GOVERNOLO E LA PIETRA DELLE PALUDI – A Governolo invece è passata alla storia la vicenda della “pietra delle paludi” ritrovata da un giovane che guarì prodigiosamente dalla febbre. Sarebbe stata donata da una strega ad un uomo che voleva accertarsi della fedeltà della moglie e che poi venne fatto affogare tra le acque del Mincio e del Po, colpevole di aver deriso la vecchia strega. La pietra, che causò poi alcune disavventure al pescatore che l’aveva ritrovata, fu quindi rigettata nel Po causando un incredibile moria di pesci. Moria che ebbe fine solo dopo una novena di preghiere grazie alle quali le acque furono ripulite da demoni e dannazioni.

CRESPINO – Dirigendosi rapidamente al delta, ecco Crespino, il luogo dove, secondo la leggenda, sarebbe caduto, tra le acque del Po, Fetonte, uno dei più popolari personaggi della mitologia greca. Le sue sorelle, secondo quanto tramanda la leggenda, piansero lacrime così abbondanti da impietosire gli dei che le trasformarono in pioppi. Mentre tra Ro Ferrarese, Budrio, Cologna, Polesella, Roncala, Frassinelle, Pincara, Chiesa e Ro è da anni che fa parlare la vicenda di una strana e grande creatura, definita Homo Saurus dallo studioso Sebastiano Di Gennaro (che alla questione ha anche dedicato un libro). Un extraterrestre, un rettiliano, un mostro o un semplice frutto della fantasia?

LA STREGA DI REVERE – Un interrogativo che continua ad affascinare e non smette di rendere incantevole il mondo del Grande fiume, terra anche di streghe come racconta una leggenda che affonda le proprie radici al 1492, quando una devastante piena del Po, ruppe l’argine a monte di Revere. Di ciò, il tribunale di Ostiglia, aveva incolpato una vecchia che aveva fama di essere strega, la quale riuscì a riparare a Revere, dove nessuno voleva ospitarla. La sventurata si rifugiò nell’antica torre campanaria. Saputo della fuga e del ricovero della strega, Francesco Gonzaga, mandò a Revere i suoi armigeri per catturare la vecchia. Questa si barricò nella cella campanaria della torre e per snidarla, i soldati, accesero intorno un grande fuoco. La poveretta nel tentativo di sfuggire alla cattura, cadde dalla torre nel rogo sottostante e così, ciò che si doveva compiere in piazza Sordello a Mantova, finì per svolgersi a Revere.

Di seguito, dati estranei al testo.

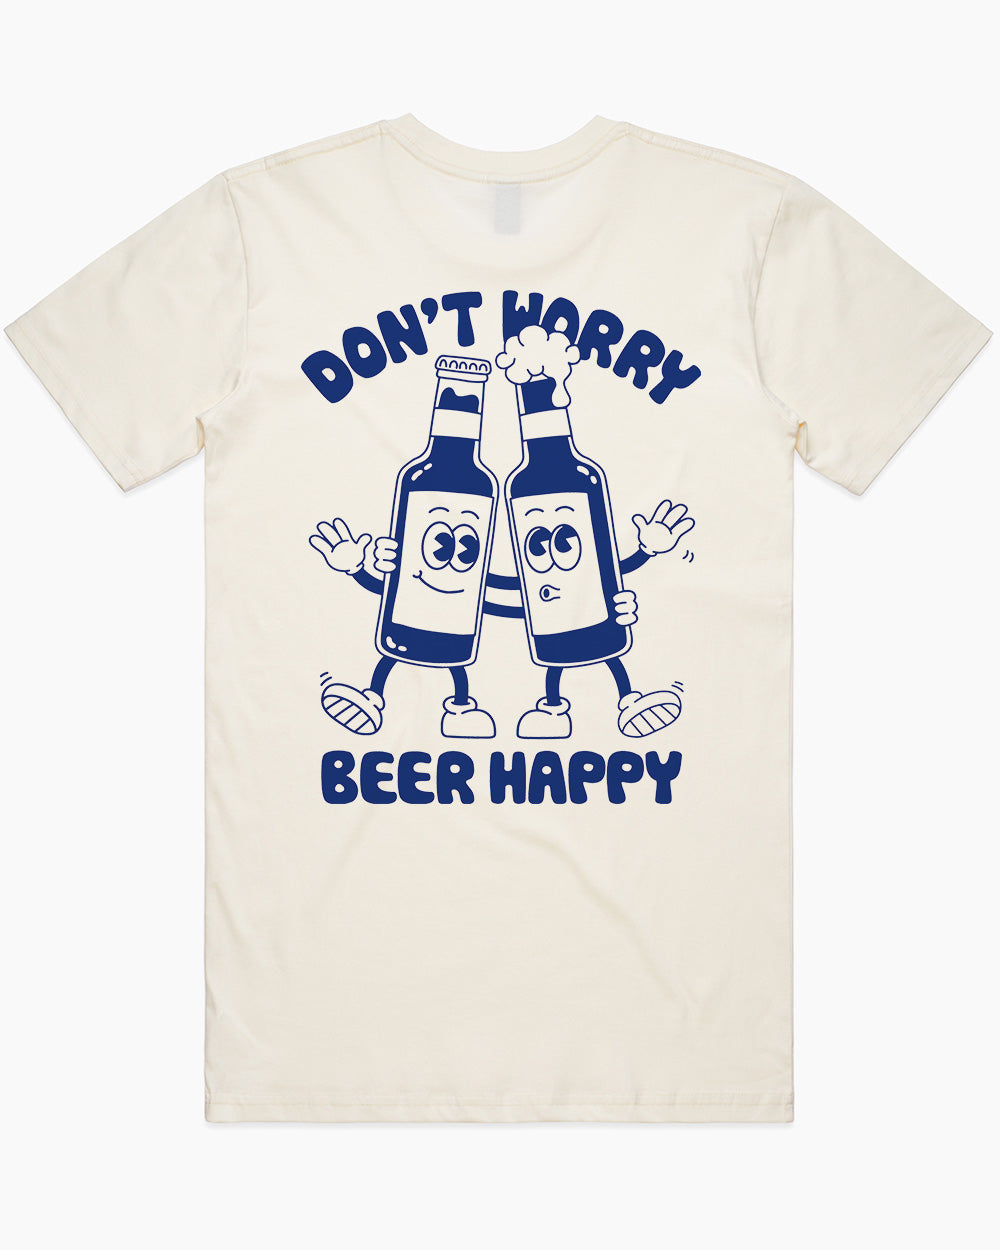 Don't Worry, Beer Happy T-Shirt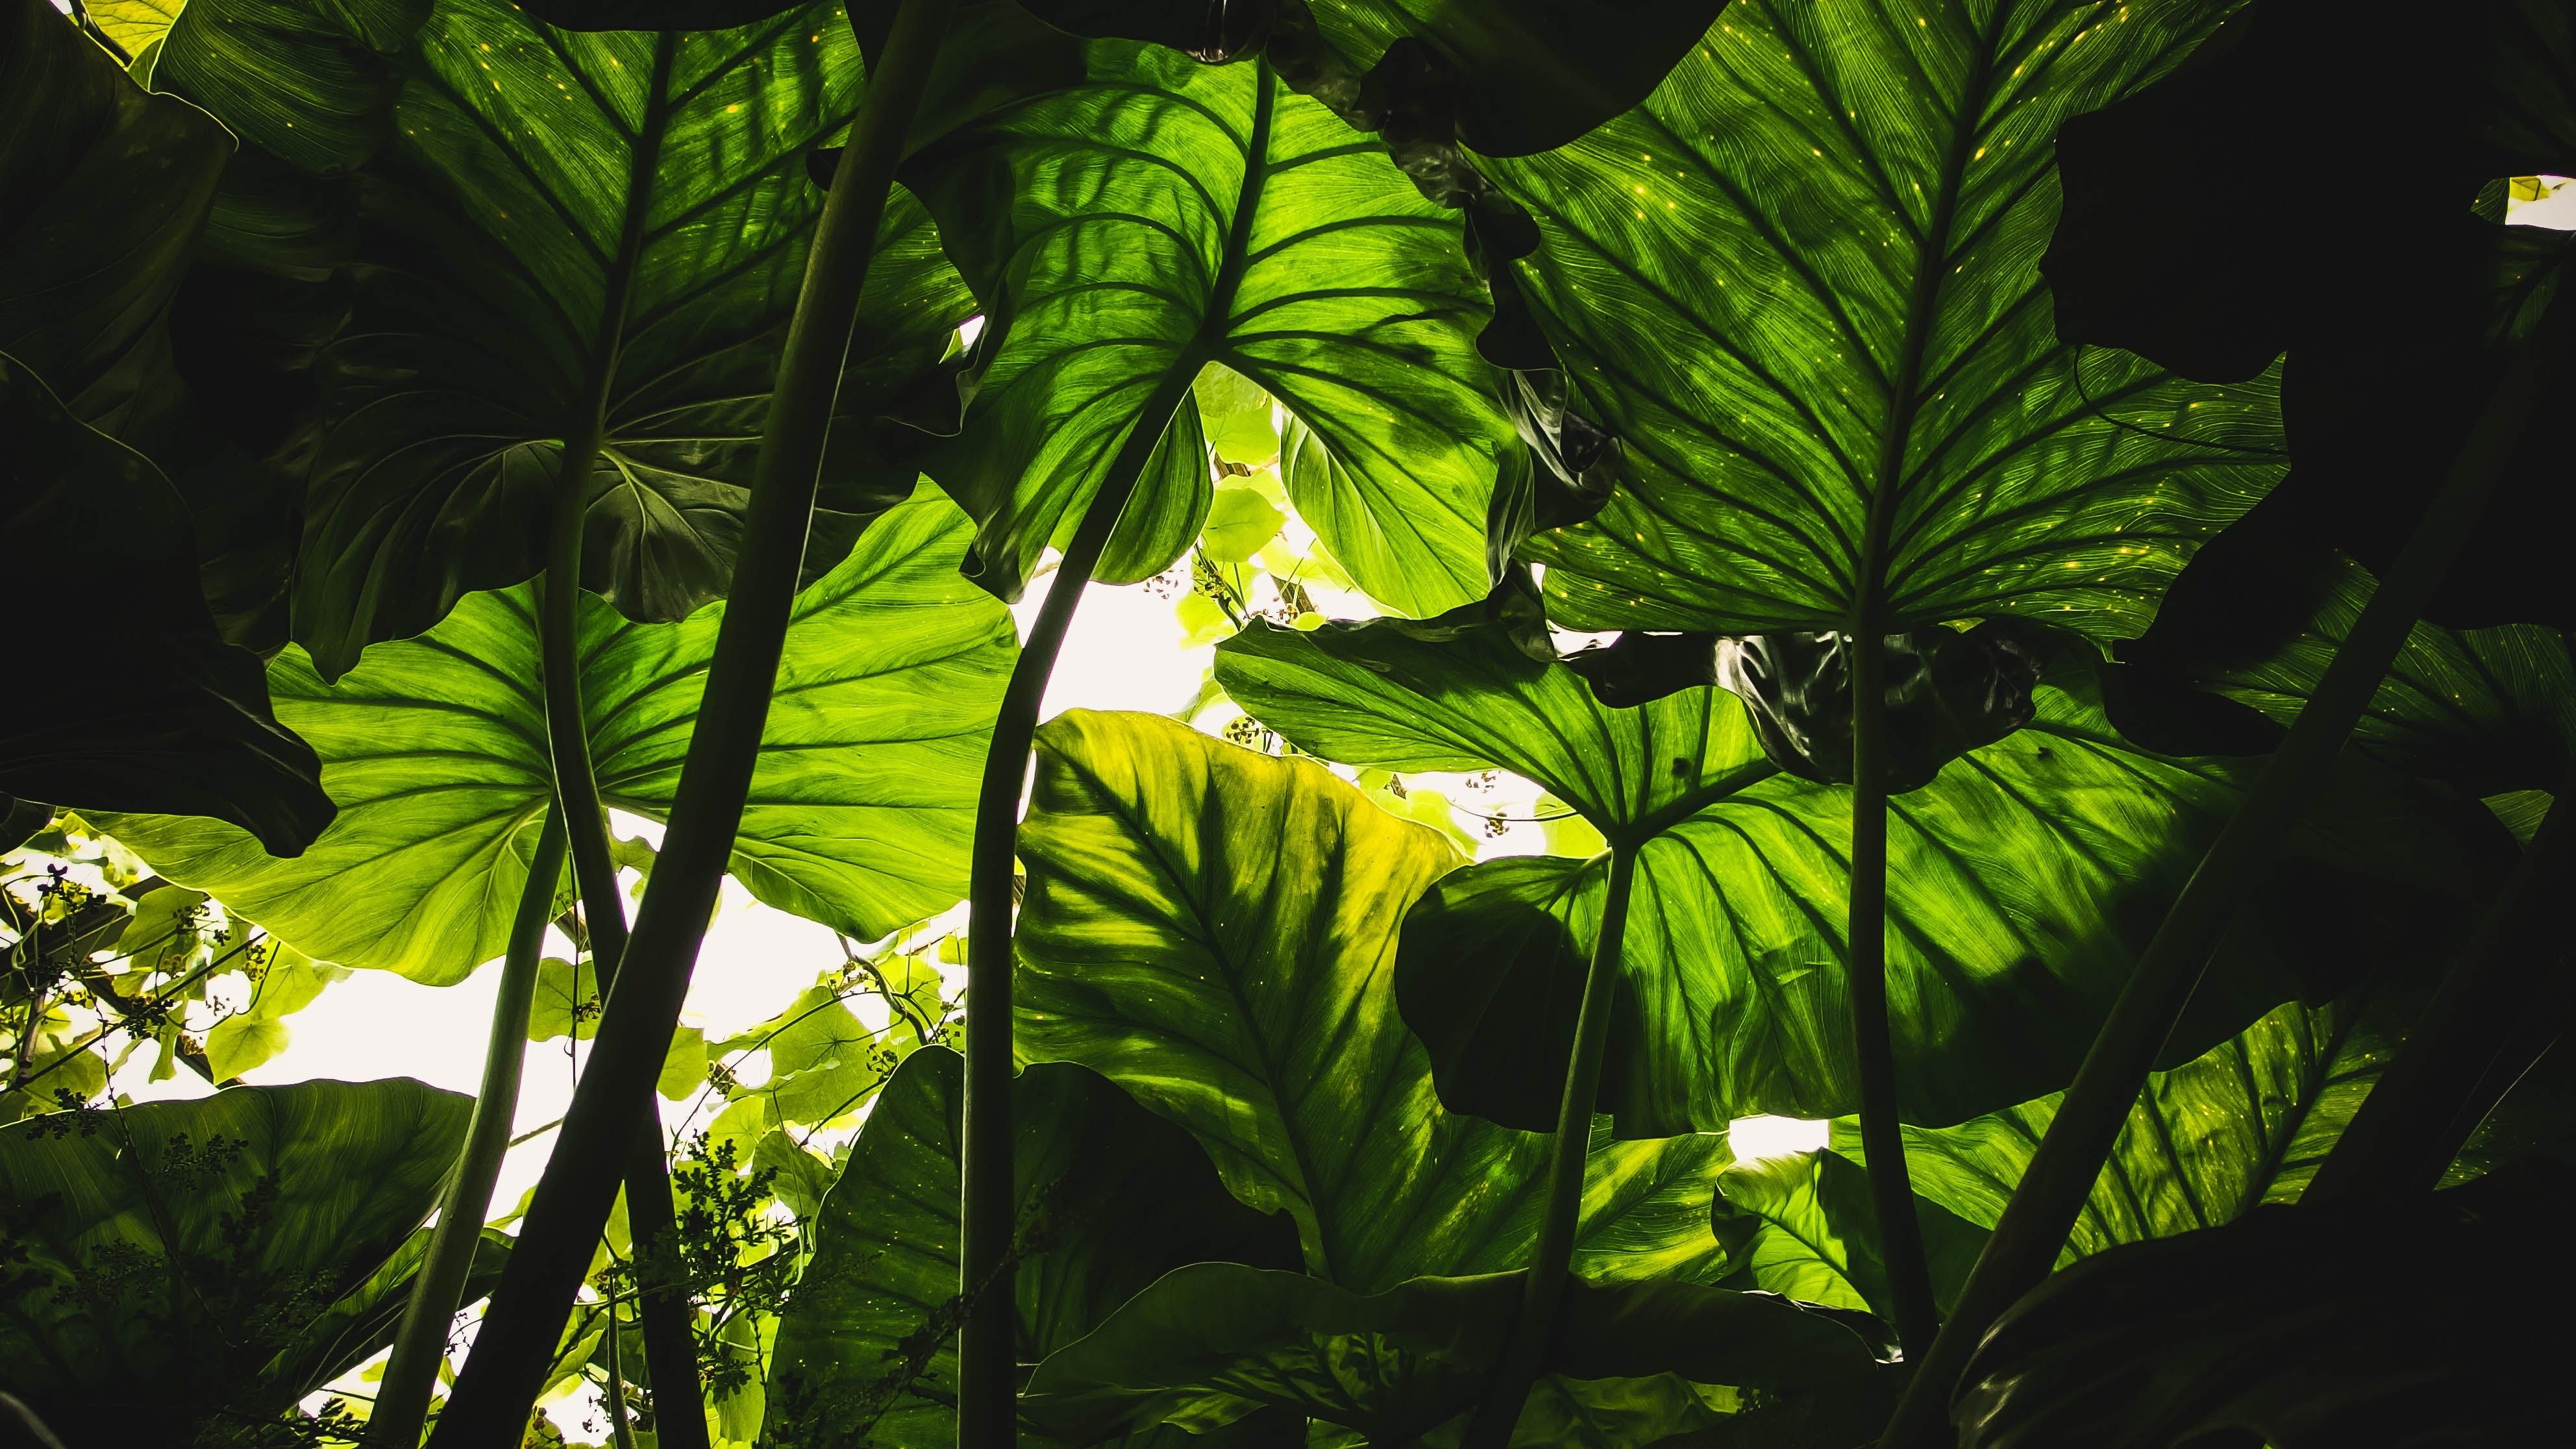 A hero image depicting a cluster of leaves from Pexels

LA BORDA… – A proposito di streghe, tra una riva e l’altra del fiume potrebbe sempre presentarsi la Borda, una strega che appariva durante le giornate di nebbia emergendo dalle acque delle paludi intorno al Po, bendata e dall’orribile aspetto, capace di uccidere chiunque incontri. Un essere tanto orribile quanto era grande la paura per le zone paludose, stagni e canali. Un mostro che un tempo, in un mix di mistero e di leggenda, veniva nominato dagli adulti per incutere paura ai bambini e tenerli lontani dai luoghi pericolosi. Una storia che, a modo suo, rende ancora più affascinante, unico e singolare l’ambiente del Grande fiume e dei suoi villaggi.